In the use provided by the first aspect of the invention, the substance for detecting S L C25A5 is optionally combined with a substance for detecting Tpm2 Tpm2, β -tropomyosin isoform 2, belonging to the Tropimomycin (TM) gene family, EMB L accession number AIC82815.1, a coiled-coil dimeric protein with important functions in striated, smooth and non-muscle cells in vertebrate striated muscle, actin, TM, troponin (Tn) complexes (Tn-I, Tn-C, Tn-T) and tropimodulin (Tmod) together constitute a filament responsible for mediating Ca Tmod2+Controlled muscle contraction and relaxation (Dube et al, 2014). Under normal conditions, the main function of vascular smooth muscle cells is to maintain vascular homeostasis by active contraction and relaxation, while in atherosclerosis, this function is inhibited by the surrounding environment (e.g., lipid retention, inflammatory factors, etc.) (Steucke et al., 2015). In addition, early lesions of atherosclerosis cause endothelial cell damage, leading to migration, proliferation and phenotypic modulation of medial smooth muscle cells, but the relationship of vascular smooth muscle contraction to disease is not known in this process, and the role of Tpm2 in it is unknown. In the data disclosed in the embodiment of the invention, the protein level of the Tpm2 is reduced after 2 weeks of induction of high-fat and high-cholesterol diet, the sensitive group at 6 weeks is further reduced, the resistant group at 6 weeks is closer to the control group, and meanwhile, the AUC value of the Tpm2 protein ROC curve is 1, so that the atherosclerosis disease and the normal state can be well distinguished, and the Tpm2 can be used as an effective biomarker.

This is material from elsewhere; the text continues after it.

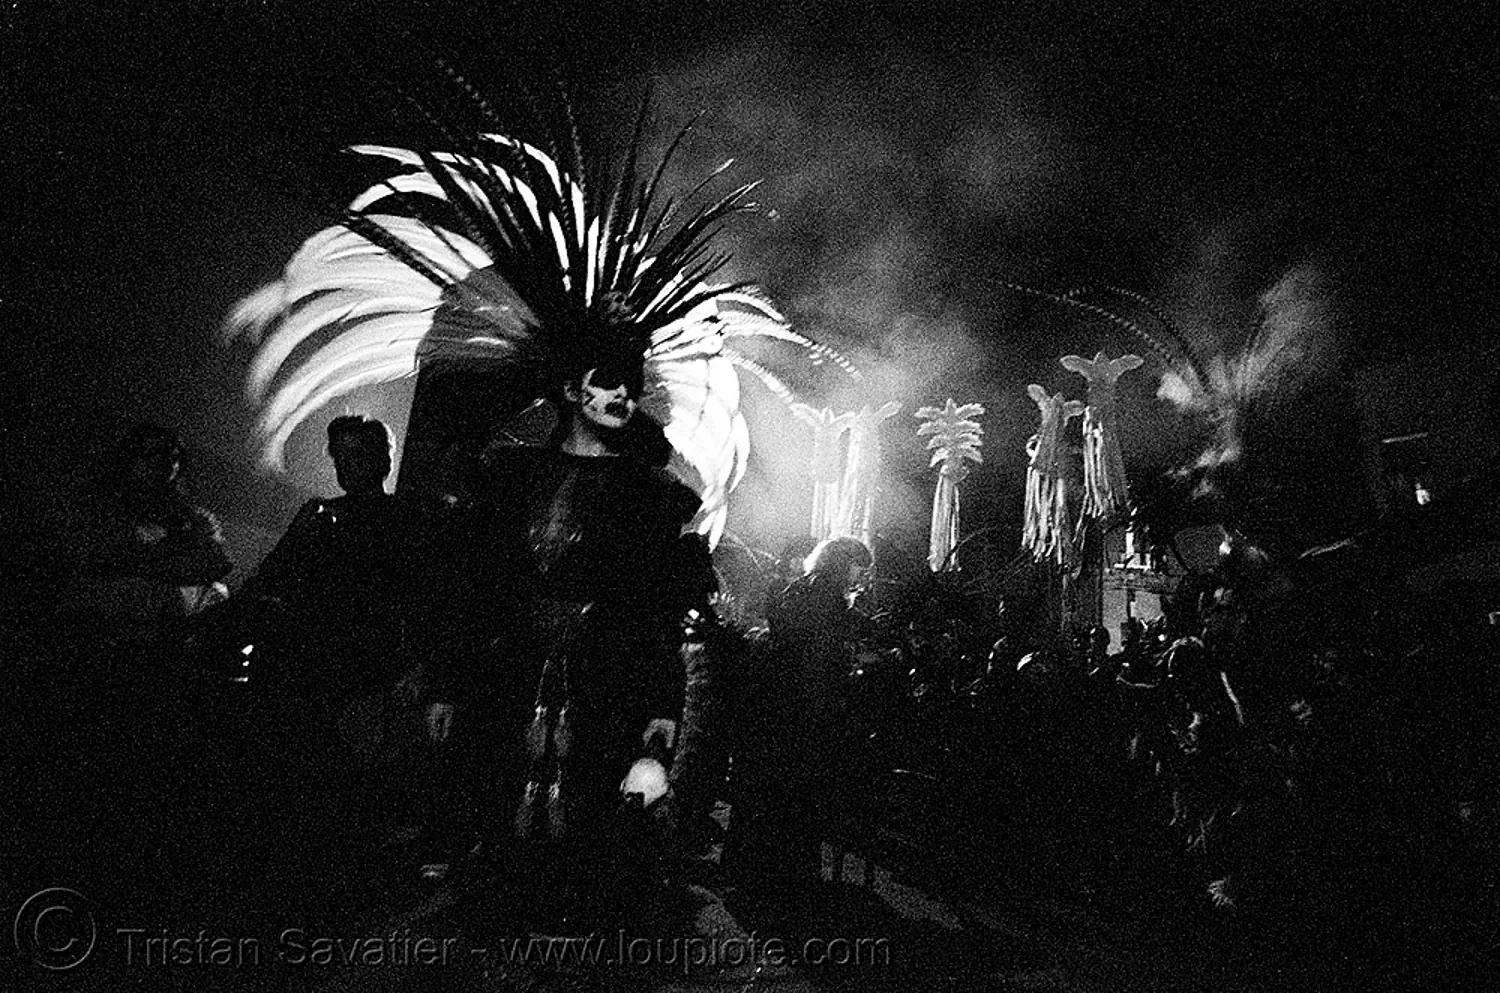 aztec dance group 'xolo, sacred dance' - dia de los muertos - halloween (san francisco) - teresa, aztec dancer, costumes, day of the dead, dia de los muertos, feathers, halloween, hat, makeup, night, p3200tmz, pushed, sacred dance, theresa, tmax, xolo

In the uses provided by the first aspect of the invention, the substances used to detect S L C25a5 optionally include combinations of substances used to detect DAG1 Dystroglycan (DG or DAG1) is considered as a key link between basement membrane and cytoskeleton in various tissues, widely distributed among endothelial cells and epithelial cells, EMB L No. caa 45732.1. dag1 consists of two subunits, an extracellular α -subunit bound to laminin and other basement membrane components and a transmembrane β -subunit, and functions as a cell adhesion receptor (Jarad et al, 2011) Dystrophin-glycoprotein (C) complex is a multicomponent complex linking actin cytoskeleton and extracellular matrix, important for myocardial cell homeostasis, Yuka morokawady et al found that strophin1(DAG1) binds directly to Hippo pathway effector Yap, thereby inhibiting transmembrane proliferation of molecules, and further inhibiting the development of vascular cell proliferation in mice, as well as a peripheral vascular sclerosis marker after reaching a smooth muscle proliferation, as well as a high cholesterol proliferation marker for inducing high cholesterol proliferation in mice, high cholesterol proliferation in peripheral vascular atherosclerosis, high cholesterol proliferation in peripheral vascular atherosclerosis resistant mice, high cholesterol proliferation, endothelial cell proliferation marker 1, and endothelial cell proliferation marker after reaching a smooth muscle proliferation.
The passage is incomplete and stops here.